Berdasarkan pahatan angka tahun yang terdapat pada kedua lapik arca penjaga tersebut para sarjana berpendapat bahwa bangunan suci Pala (nama lain untuk candi penataran) di resmikan menjadi kuil negara (state temple) baru pada jaman Raja Jayanegaradari Majapahit yang memerintah pada tahun 1309 - 1328 AD. Di sebelah timur kedua arca penjaga di tempat yang tanahnya agak tinggi terdapat sisa-sisa pintu gerbang dari bahan bata merah. Pintu gerbang tersebut masih di sebut-sebut Jonathan Rigg dalam kunjungannya ke candi Penataran pada tahun 1848. Dengan melalui bekas pintu gerbang ini sampailah kita ke bagian terdepan halaman A. Disini masih dapat disaksikan sekitar 6 buah bekas bangunan yang hanya tinggal pondasinya saja itu terbuat dari bahan batu bata merah. Melihat banyaknya umpak - umpak batu yang tersisa di sini dapat diduga bahwa dahulu terdapat bangunan - bangunan yang menggunakan tiang kayu seperti yang dapat kita jumpai di Bali. Berapa banyak bangunan yang menggunakan tiang - tiang kayu belum dapat diketahui dengan pasti.
Bangunan - bangunan penting yang terletak di halaman A adalah sebuah bangunan yang berbentuk persegi panjang yang disebut dengan nama “Bale Agung”, kemudian bangunan bekas tempat pendeta yang hanya tinggal tatanan umpak-umpak saja, sebuah bangunan berbentuk persegi empat dalam ukuran yang lebih kecil dari bangunan bale agung yang di sebut dengan nama “pendopo teras” atau “batur pendopo” dan bangunan yang berupa candi kecil berangka tahun yang di sebut candi Angka tahun. Bangunan - bangunan tersebut seluruhnya terbuat dari batu andesit.
Menurut halaman B juga melewati sisa-sisa bekas pintu gerbang yang bagian depannya di jaga oleh dua buah arca dwarapala dalam ukuran yang lebih kecil. Kedua arca dwarapala ini pada lapik arca nya juga terpahat angka tahun, tertulis tahun 1214 Saka atau 1319 Masehi. Peristiwa apa yang dikaitkan dengan angkat tahun ini belum diketahui. Di Halaman B masih dapat di saksikan sekitar 7 buah bekas bangunan, ada bangunan yang terbuat dari bahan bata merah dan ada juga bangunan yang terbuat dari bahan batu andesit.
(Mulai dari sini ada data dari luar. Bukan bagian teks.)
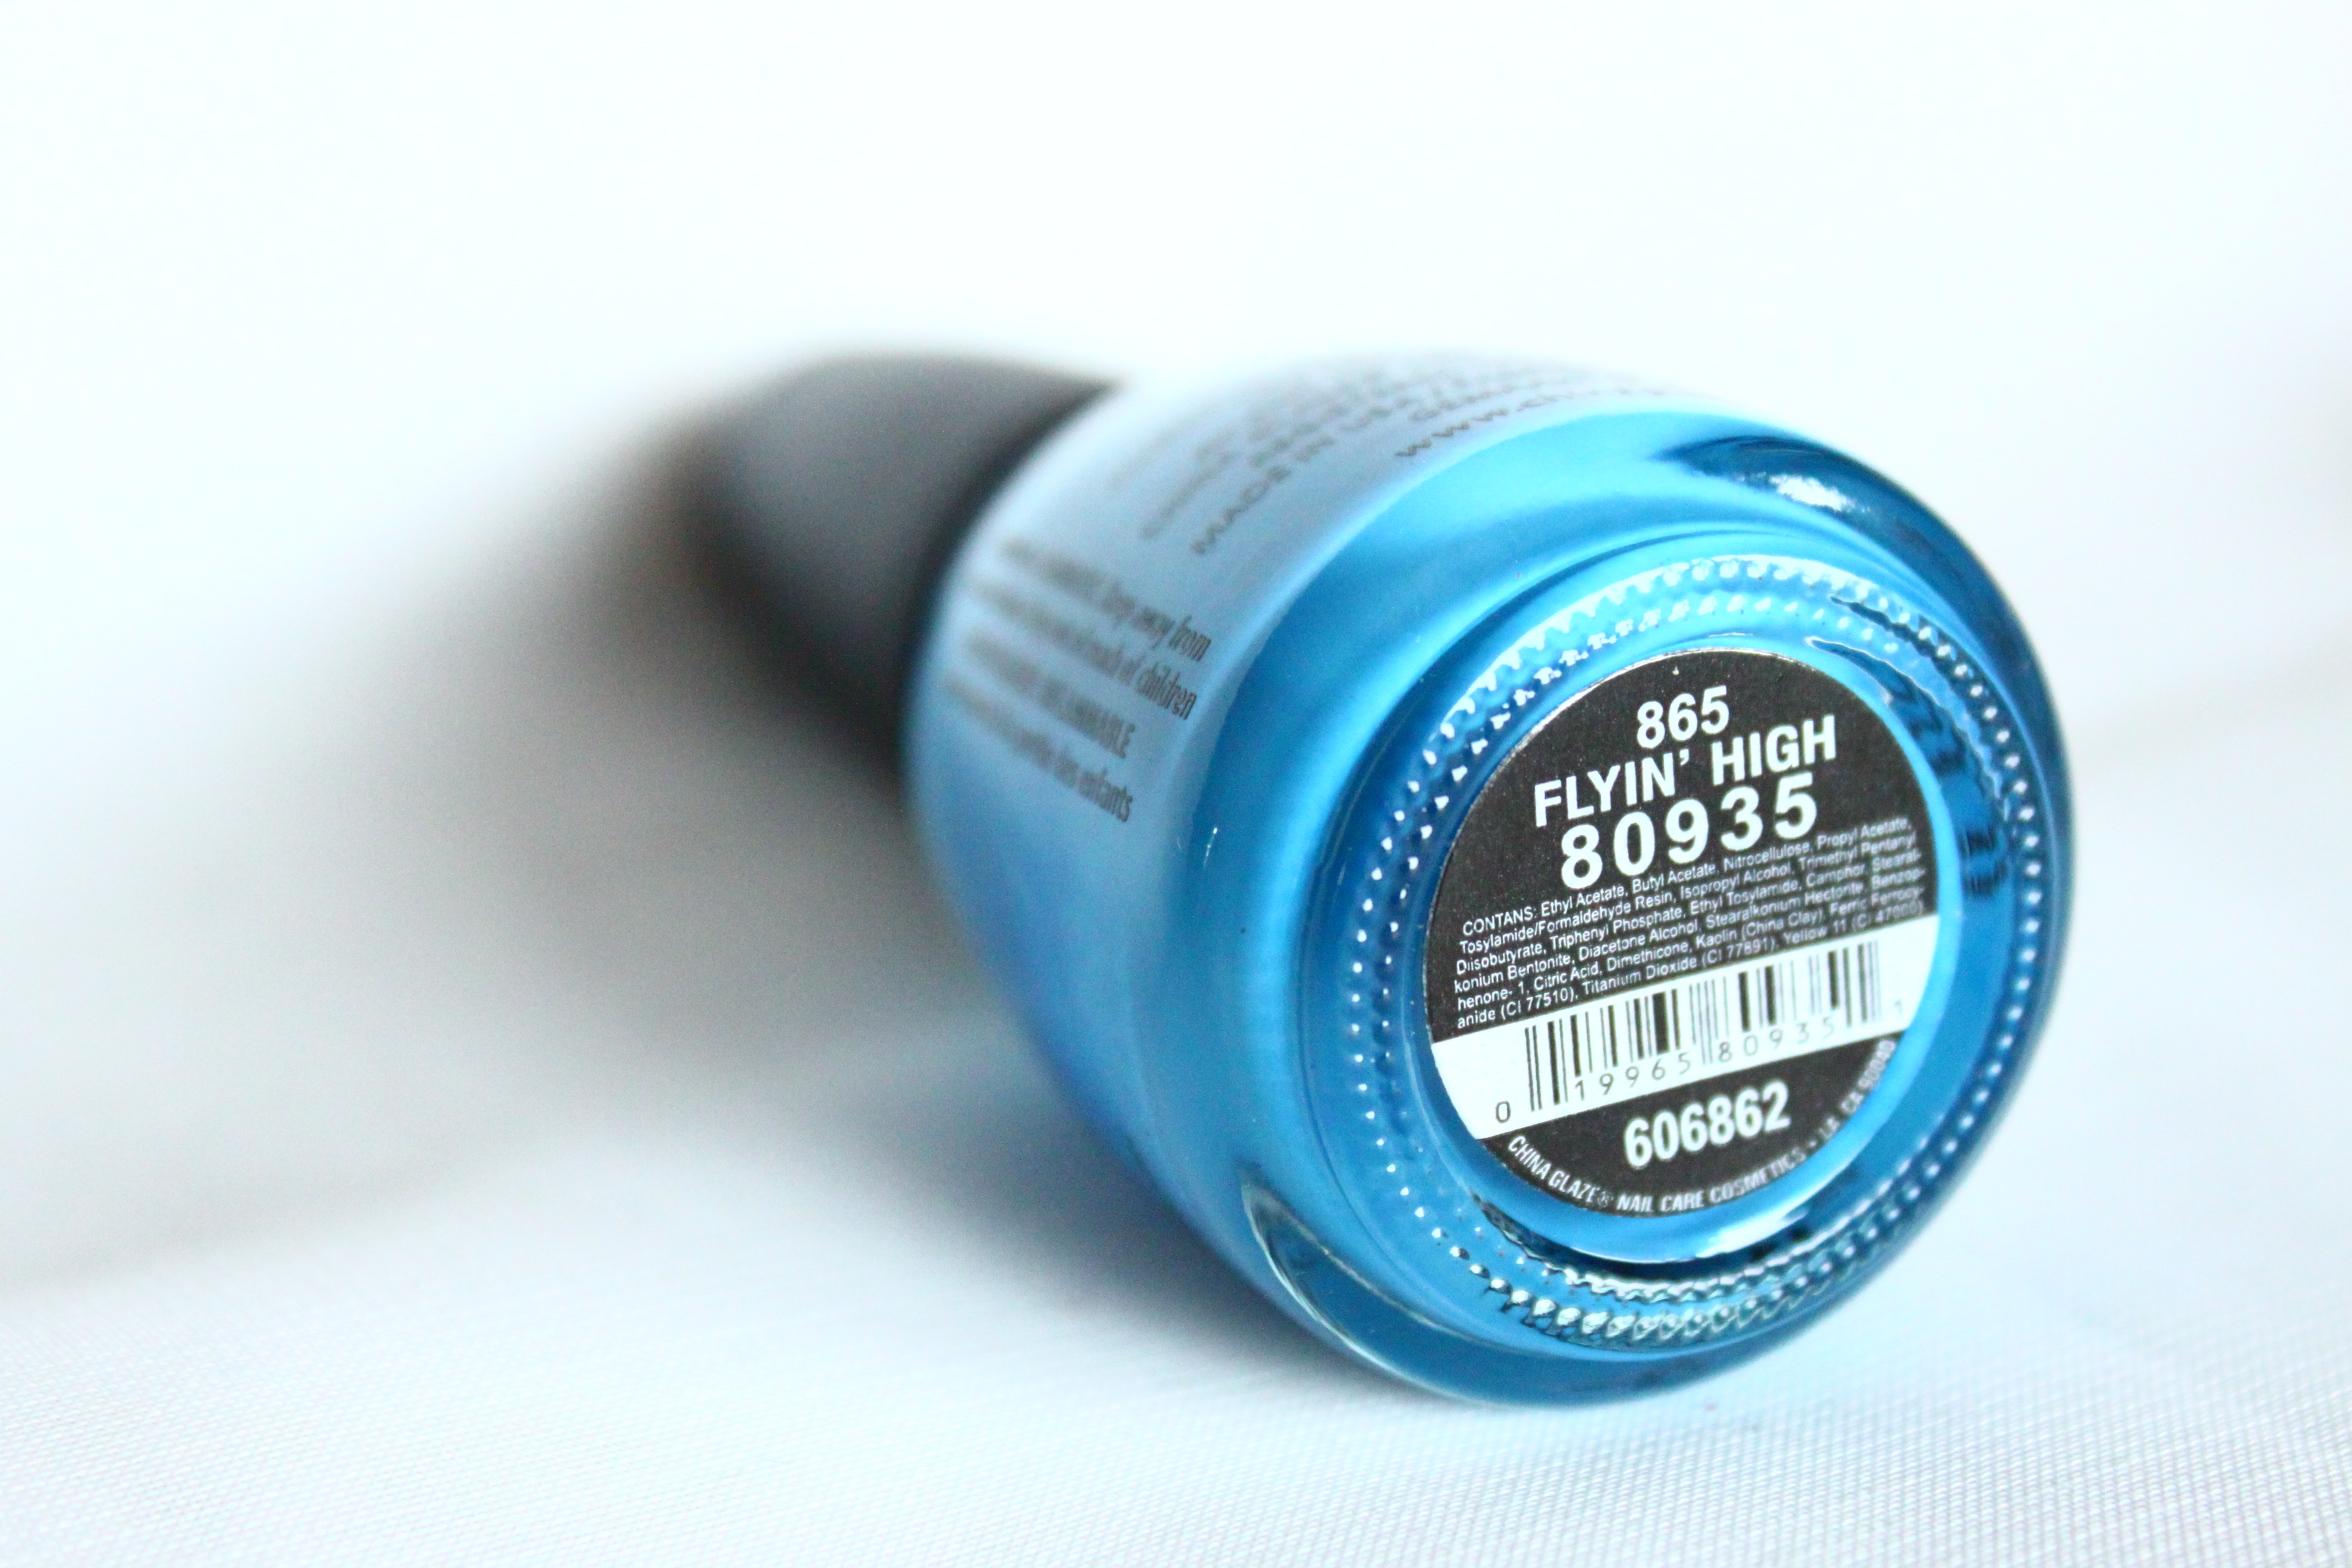 China Glaze Nagellack Nail Lacquer Polish 865 FLYING HIGH Blau blue

Dari ketujuh buah bekas bangunan tersebut enam buah diantaranya sudah tidak dapat dikenali lagi bentuknya. Satu satunya bangunan yang cukup di kenal adalah Candi Naga, di sebut demikian karena sekeliling tubuh bangunan tersebut di lilit ular Naga. Bangunan Candi Naga seluruhnya terbuat dari batu andesit. Halaman terakhir adalah halaman C, di situ juga terdapat bekas pintu gerbang yang bagian depannya di jaga oleh dua buah arca dwarapala. Ada sekitar 9 buah bekas bangunan, dua buah yang sudah dapat dikenali adalah bangunan candi induk, tujuh bangunan yang lain sementara ini belum terungkapkan.
Disebelah selatan bangunan candi masih berdiri tegak sebuah batu prasasti atau batu bertulis. Melihat besarnya ukuran batu prasasti ini para ahli menduga batu tersebut masih berada di tempat aslinya. Prasasti menggunakan huruf jawa kuno bertahun 1119 Saka atau 1197 Masehi di keluarkan oleh Raja Srengga dari kerajaan Kediri. Karena isinya antara lain menyebutkan tentang peresmian sebuah perdikan untuk kepentingan Sira Paduka Batara Palah maka para sarjana berpendapat bahwa yang dimaksud Palah tentunya tidak lain adalah Penataran. Andaikata dapat dibenarkan bahwa Palah adalah Candi Penataran sekarang maka usia pembangunan komplek percandian Penataran memakan waktu sekurang-kurangnya 250 tahun. di bangun dari 1197 Masehi pada jaman kerajaan Kediri sampai tahun 1454 pada jaman kerajaan Majapahit. Hampir semua bangunan yang dapat kita saksikan sekarang berasal dari masa pemerintahan raja-raja Majapahit. Barangkali bangunan-bangunan yang lebih tua (dari jaman Kediri) telah lama runtuh.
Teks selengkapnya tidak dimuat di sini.